Things are ubiquitous. Buttons, buildings, hairpins, chairs, notebooks, teacups, street signs and pens - we are surrounded by the material elements of the phenomenon we call “culture”.
In virtual worlds our minds are full of tables, floors, ceilings, doors, and stairwells too. Social audio app Clubhouse invites you to “bounce around hallways” and the virtual meeting place Gather Town allows you to decorate your own desk. When you’re done decorating you can then wander from room to room to join conversations with your virtual colleagues.
“Houses and rooms; cellars and attics; draws, chests, and wardrobes; nests and shells, nooks and corners; no space is too vast or too small to be filled by our thoughts and our reveries’ Gaston Bachelard, The Poetics of Space
When describing culture people mostly mention intangibles: from shared values to beliefs, purpose to assumptions. They tend to overlook buildings, chairs, gardens, haircuts, headphones and cheese. In doing so they also overlook the intimate relationship between the material and non-material. The artwork on a wall, the black t-shirt, the laptop and the long macchiato – all “things” we relate to, with and through. Our relationships with one another are enmeshed with the things that surround us, and the things we surround.
Let’s talk chairs.
I once worked for a massive global enterprise that gave you a bigger and bigger chair as you were promoted. They would wheel your old chair out, and your new chair in.
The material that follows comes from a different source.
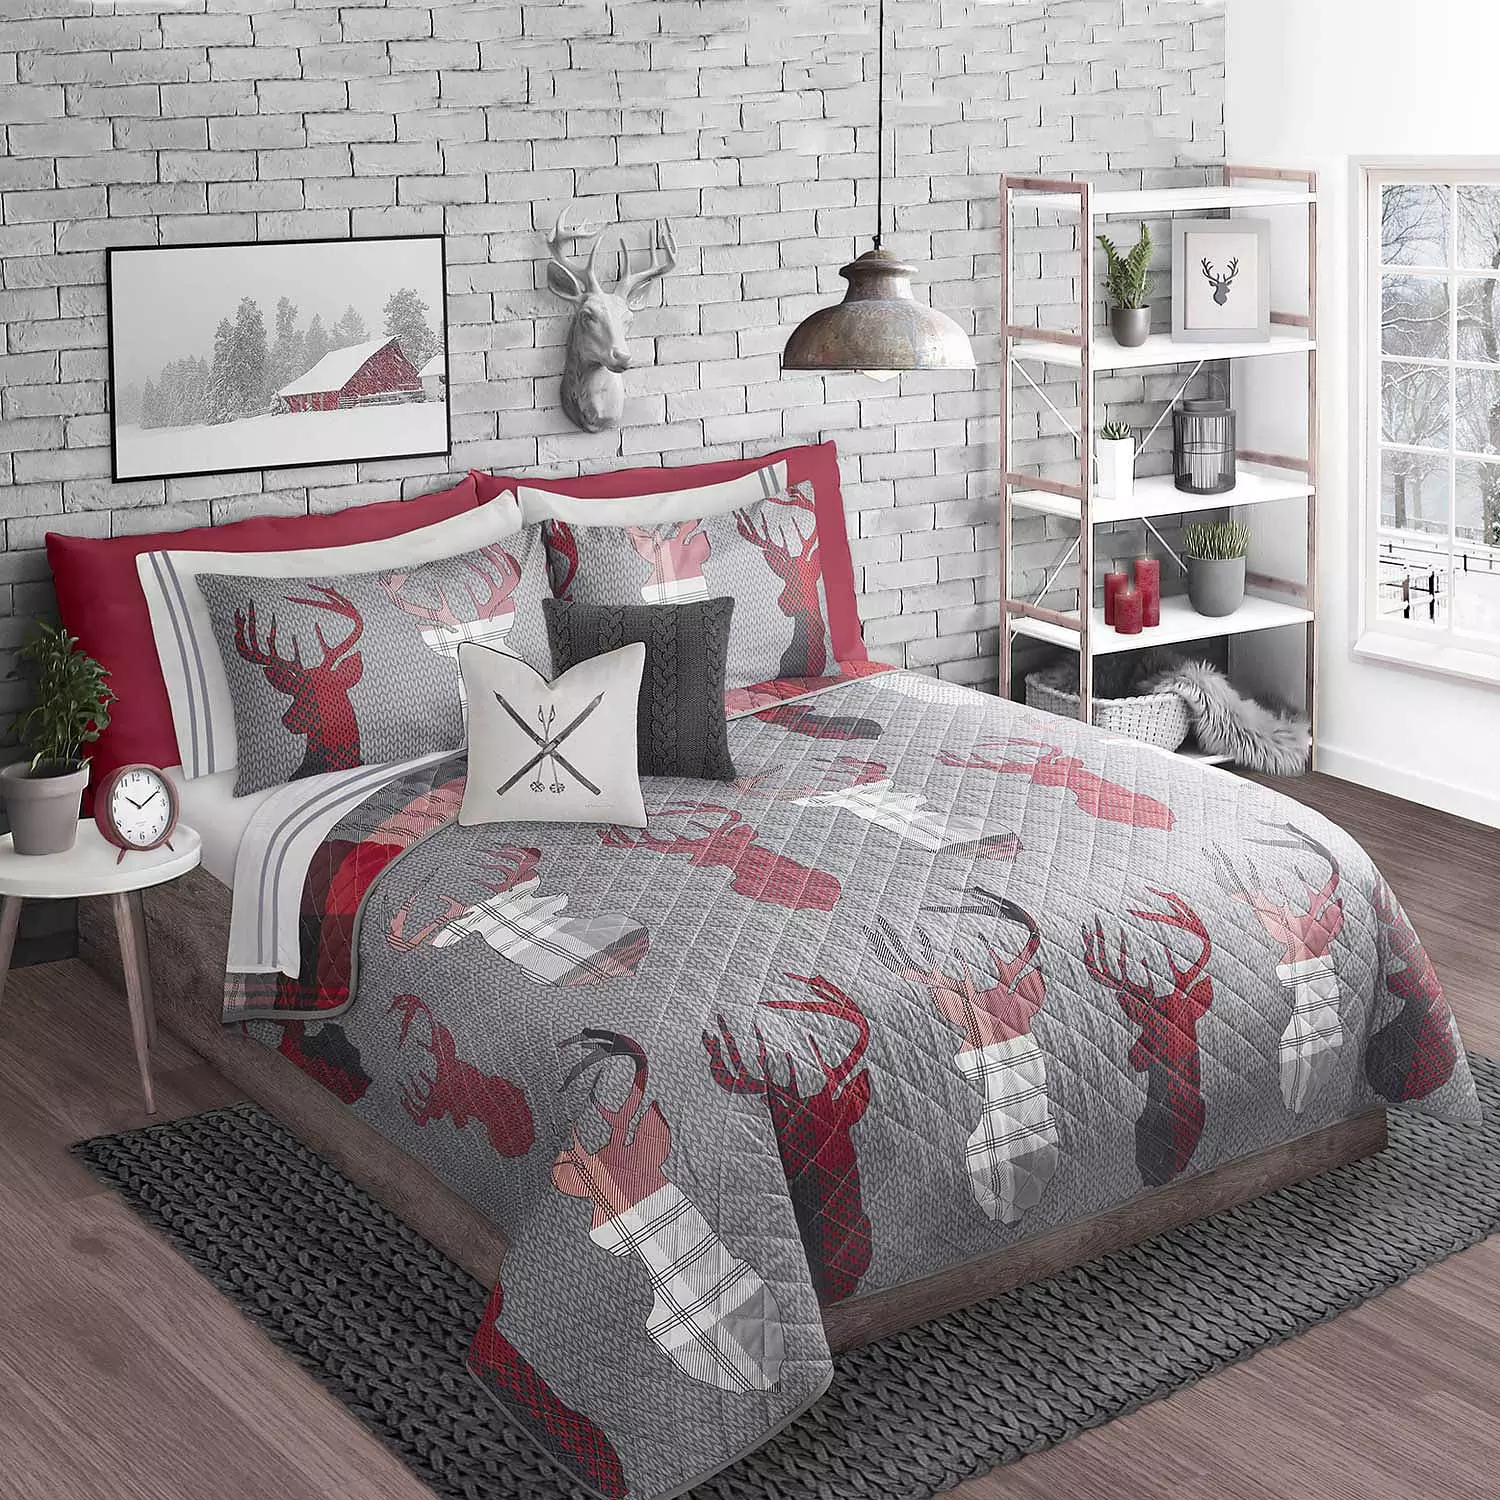 Lodge themed reversible quilt set, moose heads/plaid pattern, king
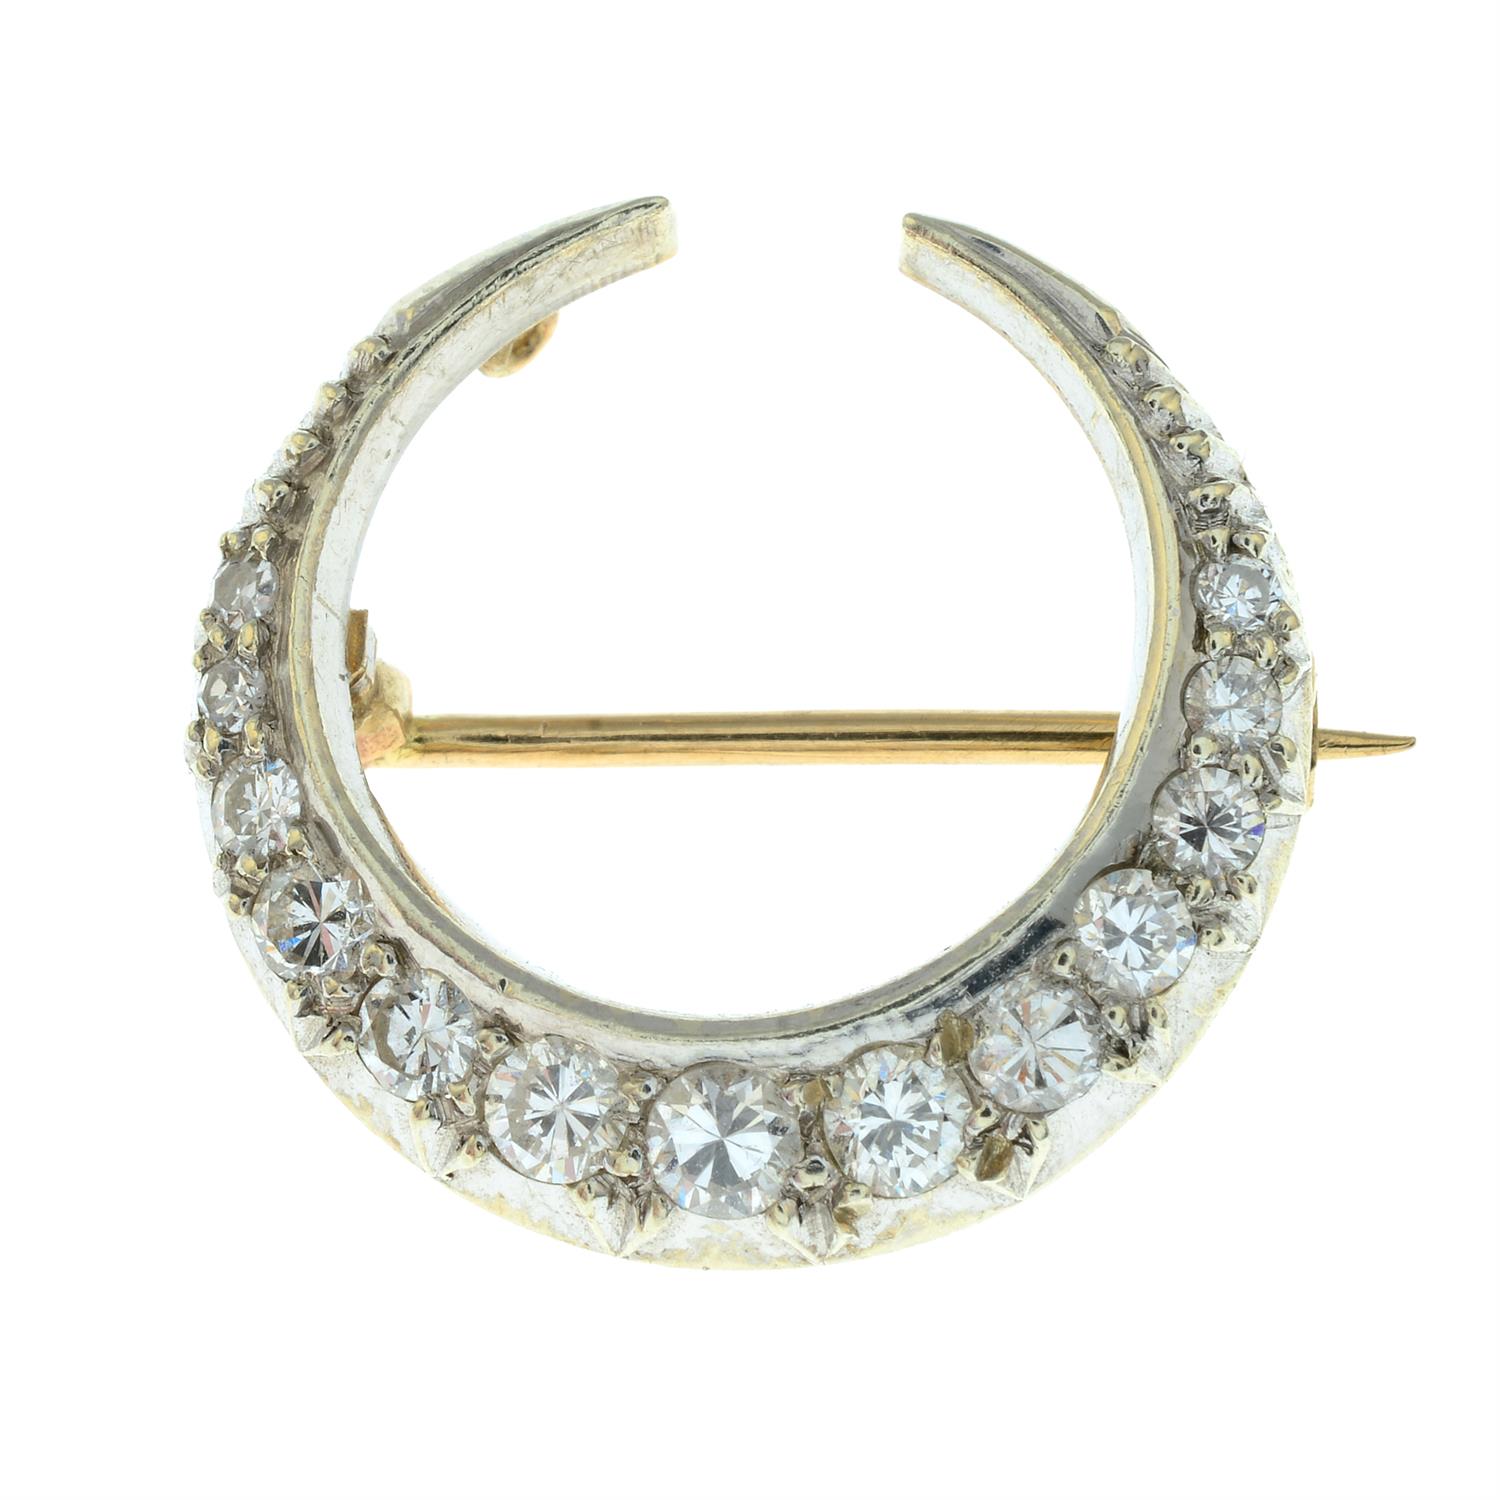 A brilliant and single-cut diamond crescent moon brooch. - Image 2 of 4

I was never sure if this ceremony signified an increase in power or was simply a practical exercise in preparation for the weight you would inevitably gain as your health and fitness declined.
As with chairs, so too with tables.
One of the most talked about objects in corporate environments is the boardroom table. Having a seat at the table is firmly ensconced in corporate vernacular. Even a person who sits in a chair at the Boardroom table is themselves called a Chair.
These inanimate, everyday, banal ‘things’ have social lives.
To not consider our material environments when exploring culture is to overlook the critical role material culture plays in the shaping of our lifeworlds, whether working from home, the park, or in that place we call “the office”. So, take a seat and read the room. Because walls do talk, some shirts really are loud, and matter still matters in an increasingly virtual world.